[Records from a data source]
-----
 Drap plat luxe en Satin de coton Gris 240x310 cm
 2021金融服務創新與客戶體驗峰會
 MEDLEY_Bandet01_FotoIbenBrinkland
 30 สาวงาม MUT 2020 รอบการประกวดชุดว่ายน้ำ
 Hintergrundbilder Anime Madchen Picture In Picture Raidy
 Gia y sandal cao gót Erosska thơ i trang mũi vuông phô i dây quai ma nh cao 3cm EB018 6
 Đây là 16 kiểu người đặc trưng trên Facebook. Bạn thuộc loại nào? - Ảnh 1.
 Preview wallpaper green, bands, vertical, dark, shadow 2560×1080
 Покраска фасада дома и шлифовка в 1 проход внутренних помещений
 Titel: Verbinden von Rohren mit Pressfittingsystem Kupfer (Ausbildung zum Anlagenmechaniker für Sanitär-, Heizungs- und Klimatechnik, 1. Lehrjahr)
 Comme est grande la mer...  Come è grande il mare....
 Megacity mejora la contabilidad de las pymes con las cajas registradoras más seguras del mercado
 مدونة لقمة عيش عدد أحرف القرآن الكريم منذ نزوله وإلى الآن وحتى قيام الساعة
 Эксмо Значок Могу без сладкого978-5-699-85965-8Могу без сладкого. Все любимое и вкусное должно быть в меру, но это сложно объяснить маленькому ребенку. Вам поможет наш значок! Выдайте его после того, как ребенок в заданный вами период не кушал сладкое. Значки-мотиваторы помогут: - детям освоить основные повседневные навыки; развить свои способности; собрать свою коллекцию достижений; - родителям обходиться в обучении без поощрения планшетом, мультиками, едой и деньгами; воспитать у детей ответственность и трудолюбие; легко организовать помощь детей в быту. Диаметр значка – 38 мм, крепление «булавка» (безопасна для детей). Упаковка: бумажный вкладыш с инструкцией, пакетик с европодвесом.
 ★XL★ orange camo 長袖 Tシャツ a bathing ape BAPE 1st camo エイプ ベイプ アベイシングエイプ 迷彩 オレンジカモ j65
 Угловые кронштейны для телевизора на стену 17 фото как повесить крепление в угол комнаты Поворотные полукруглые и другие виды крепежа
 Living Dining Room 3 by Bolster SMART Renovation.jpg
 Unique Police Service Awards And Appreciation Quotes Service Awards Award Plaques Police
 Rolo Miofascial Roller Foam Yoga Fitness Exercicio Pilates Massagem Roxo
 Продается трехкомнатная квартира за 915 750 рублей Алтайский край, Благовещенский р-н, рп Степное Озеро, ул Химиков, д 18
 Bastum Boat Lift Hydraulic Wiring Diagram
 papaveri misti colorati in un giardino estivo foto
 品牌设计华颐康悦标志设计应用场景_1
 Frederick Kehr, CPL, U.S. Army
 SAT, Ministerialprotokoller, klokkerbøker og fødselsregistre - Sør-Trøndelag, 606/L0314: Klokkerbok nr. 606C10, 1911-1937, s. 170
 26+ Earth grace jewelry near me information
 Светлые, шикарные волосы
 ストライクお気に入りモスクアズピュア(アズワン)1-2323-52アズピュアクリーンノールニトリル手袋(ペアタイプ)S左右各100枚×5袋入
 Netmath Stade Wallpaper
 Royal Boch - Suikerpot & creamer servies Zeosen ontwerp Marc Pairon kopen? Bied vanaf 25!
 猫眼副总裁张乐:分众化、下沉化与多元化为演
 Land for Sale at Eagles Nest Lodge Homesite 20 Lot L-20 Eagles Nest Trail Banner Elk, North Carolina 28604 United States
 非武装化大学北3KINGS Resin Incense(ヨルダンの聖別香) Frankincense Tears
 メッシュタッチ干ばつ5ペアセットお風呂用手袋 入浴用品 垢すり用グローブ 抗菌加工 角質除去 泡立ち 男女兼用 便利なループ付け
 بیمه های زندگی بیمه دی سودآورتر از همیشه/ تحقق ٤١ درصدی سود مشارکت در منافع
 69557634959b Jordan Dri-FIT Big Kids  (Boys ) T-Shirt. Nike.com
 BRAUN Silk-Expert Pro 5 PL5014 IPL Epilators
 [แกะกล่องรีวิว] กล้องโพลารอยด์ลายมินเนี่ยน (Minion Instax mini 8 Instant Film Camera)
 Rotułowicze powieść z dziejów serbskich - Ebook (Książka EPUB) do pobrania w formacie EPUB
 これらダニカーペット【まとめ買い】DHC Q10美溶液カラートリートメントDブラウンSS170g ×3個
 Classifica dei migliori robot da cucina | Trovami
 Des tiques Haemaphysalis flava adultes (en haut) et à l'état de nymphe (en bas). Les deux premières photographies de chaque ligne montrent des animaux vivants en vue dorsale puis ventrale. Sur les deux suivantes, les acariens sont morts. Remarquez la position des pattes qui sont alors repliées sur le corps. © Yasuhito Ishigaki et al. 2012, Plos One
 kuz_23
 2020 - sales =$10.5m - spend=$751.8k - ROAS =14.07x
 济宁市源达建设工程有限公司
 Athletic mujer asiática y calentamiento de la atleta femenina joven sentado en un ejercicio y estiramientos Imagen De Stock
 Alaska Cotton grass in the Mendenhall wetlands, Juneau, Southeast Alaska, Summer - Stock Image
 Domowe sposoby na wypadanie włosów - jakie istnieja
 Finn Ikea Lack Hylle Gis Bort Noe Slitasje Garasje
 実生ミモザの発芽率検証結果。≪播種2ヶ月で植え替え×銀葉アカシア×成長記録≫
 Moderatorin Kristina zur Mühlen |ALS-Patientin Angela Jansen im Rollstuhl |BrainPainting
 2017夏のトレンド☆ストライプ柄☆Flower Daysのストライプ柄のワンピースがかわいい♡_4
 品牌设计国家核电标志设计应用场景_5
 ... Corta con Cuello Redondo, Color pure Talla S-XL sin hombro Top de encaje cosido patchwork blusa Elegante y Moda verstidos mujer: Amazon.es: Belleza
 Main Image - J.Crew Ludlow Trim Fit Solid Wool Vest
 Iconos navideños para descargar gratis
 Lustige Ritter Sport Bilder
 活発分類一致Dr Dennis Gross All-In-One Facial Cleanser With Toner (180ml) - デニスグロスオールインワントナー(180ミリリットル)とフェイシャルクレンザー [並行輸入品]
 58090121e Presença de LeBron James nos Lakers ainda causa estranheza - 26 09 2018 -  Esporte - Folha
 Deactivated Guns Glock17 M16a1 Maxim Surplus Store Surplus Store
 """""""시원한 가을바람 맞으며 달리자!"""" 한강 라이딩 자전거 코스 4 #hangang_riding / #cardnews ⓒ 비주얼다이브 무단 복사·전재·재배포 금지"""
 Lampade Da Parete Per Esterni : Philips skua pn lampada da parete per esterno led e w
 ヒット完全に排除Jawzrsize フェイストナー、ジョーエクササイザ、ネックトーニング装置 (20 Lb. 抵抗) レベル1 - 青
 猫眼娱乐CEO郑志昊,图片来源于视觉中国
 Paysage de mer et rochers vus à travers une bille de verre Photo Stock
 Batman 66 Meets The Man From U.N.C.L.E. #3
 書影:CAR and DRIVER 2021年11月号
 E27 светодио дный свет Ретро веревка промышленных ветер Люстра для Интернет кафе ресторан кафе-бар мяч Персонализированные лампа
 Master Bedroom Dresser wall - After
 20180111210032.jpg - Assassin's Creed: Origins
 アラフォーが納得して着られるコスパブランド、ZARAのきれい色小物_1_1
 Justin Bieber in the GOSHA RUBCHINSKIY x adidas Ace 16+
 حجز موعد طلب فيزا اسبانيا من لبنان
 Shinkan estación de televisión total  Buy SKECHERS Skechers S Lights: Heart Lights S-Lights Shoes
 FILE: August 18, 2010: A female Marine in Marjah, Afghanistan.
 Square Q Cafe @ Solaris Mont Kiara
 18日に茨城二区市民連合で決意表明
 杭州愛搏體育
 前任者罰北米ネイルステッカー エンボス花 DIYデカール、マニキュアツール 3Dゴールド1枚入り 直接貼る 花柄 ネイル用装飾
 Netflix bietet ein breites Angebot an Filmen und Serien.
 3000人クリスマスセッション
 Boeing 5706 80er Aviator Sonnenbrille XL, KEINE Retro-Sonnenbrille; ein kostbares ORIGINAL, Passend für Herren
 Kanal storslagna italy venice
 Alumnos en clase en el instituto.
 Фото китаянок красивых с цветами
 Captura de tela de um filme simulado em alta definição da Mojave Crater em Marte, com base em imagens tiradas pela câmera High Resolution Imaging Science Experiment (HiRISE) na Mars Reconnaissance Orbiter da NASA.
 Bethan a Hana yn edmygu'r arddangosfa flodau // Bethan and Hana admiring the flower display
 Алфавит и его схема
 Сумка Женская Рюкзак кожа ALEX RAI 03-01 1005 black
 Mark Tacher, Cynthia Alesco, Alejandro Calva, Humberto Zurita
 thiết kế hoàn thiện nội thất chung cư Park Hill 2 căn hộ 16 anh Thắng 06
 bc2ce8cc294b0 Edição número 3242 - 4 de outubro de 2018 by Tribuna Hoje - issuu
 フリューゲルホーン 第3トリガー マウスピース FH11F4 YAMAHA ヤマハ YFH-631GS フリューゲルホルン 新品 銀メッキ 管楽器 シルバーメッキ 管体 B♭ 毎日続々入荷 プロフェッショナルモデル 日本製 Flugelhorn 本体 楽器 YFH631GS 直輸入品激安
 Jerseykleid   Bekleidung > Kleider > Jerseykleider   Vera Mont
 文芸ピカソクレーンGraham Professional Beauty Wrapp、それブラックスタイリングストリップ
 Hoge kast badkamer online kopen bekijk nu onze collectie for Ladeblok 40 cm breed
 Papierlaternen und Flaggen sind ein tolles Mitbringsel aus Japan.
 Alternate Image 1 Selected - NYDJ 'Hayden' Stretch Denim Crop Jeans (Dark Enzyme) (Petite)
-----
▸ Assigned task:
Write out, exactly as given, the line containing "Alumnos en clase en el instituto." and every line after it to the end of the records. Include nothing else.

▸ Response:
 Alumnos en clase en el instituto.
 Фото китаянок красивых с цветами
 Captura de tela de um filme simulado em alta definição da Mojave Crater em Marte, com base em imagens tiradas pela câmera High Resolution Imaging Science Experiment (HiRISE) na Mars Reconnaissance Orbiter da NASA.
 Bethan a Hana yn edmygu'r arddangosfa flodau // Bethan and Hana admiring the flower display
 Алфавит и его схема
 Сумка Женская Рюкзак кожа ALEX RAI 03-01 1005 black
 Mark Tacher, Cynthia Alesco, Alejandro Calva, Humberto Zurita
 thiết kế hoàn thiện nội thất chung cư Park Hill 2 căn hộ 16 anh Thắng 06
 bc2ce8cc294b0 Edição número 3242 - 4 de outubro de 2018 by Tribuna Hoje - issuu
 フリューゲルホーン 第3トリガー マウスピース FH11F4 YAMAHA ヤマハ YFH-631GS フリューゲルホルン 新品 銀メッキ 管楽器 シルバーメッキ 管体 B♭ 毎日続々入荷 プロフェッショナルモデル 日本製 Flugelhorn 本体 楽器 YFH631GS 直輸入品激安
 Jerseykleid   Bekleidung > Kleider > Jerseykleider   Vera Mont
 文芸ピカソクレーンGraham Professional Beauty Wrapp、それブラックスタイリングストリップ
 Hoge kast badkamer online kopen bekijk nu onze collectie for Ladeblok 40 cm breed
 Papierlaternen und Flaggen sind ein tolles Mitbringsel aus Japan.
 Alternate Image 1 Selected - NYDJ 'Hayden' Stretch Denim Crop Jeans (Dark Enzyme) (Petite)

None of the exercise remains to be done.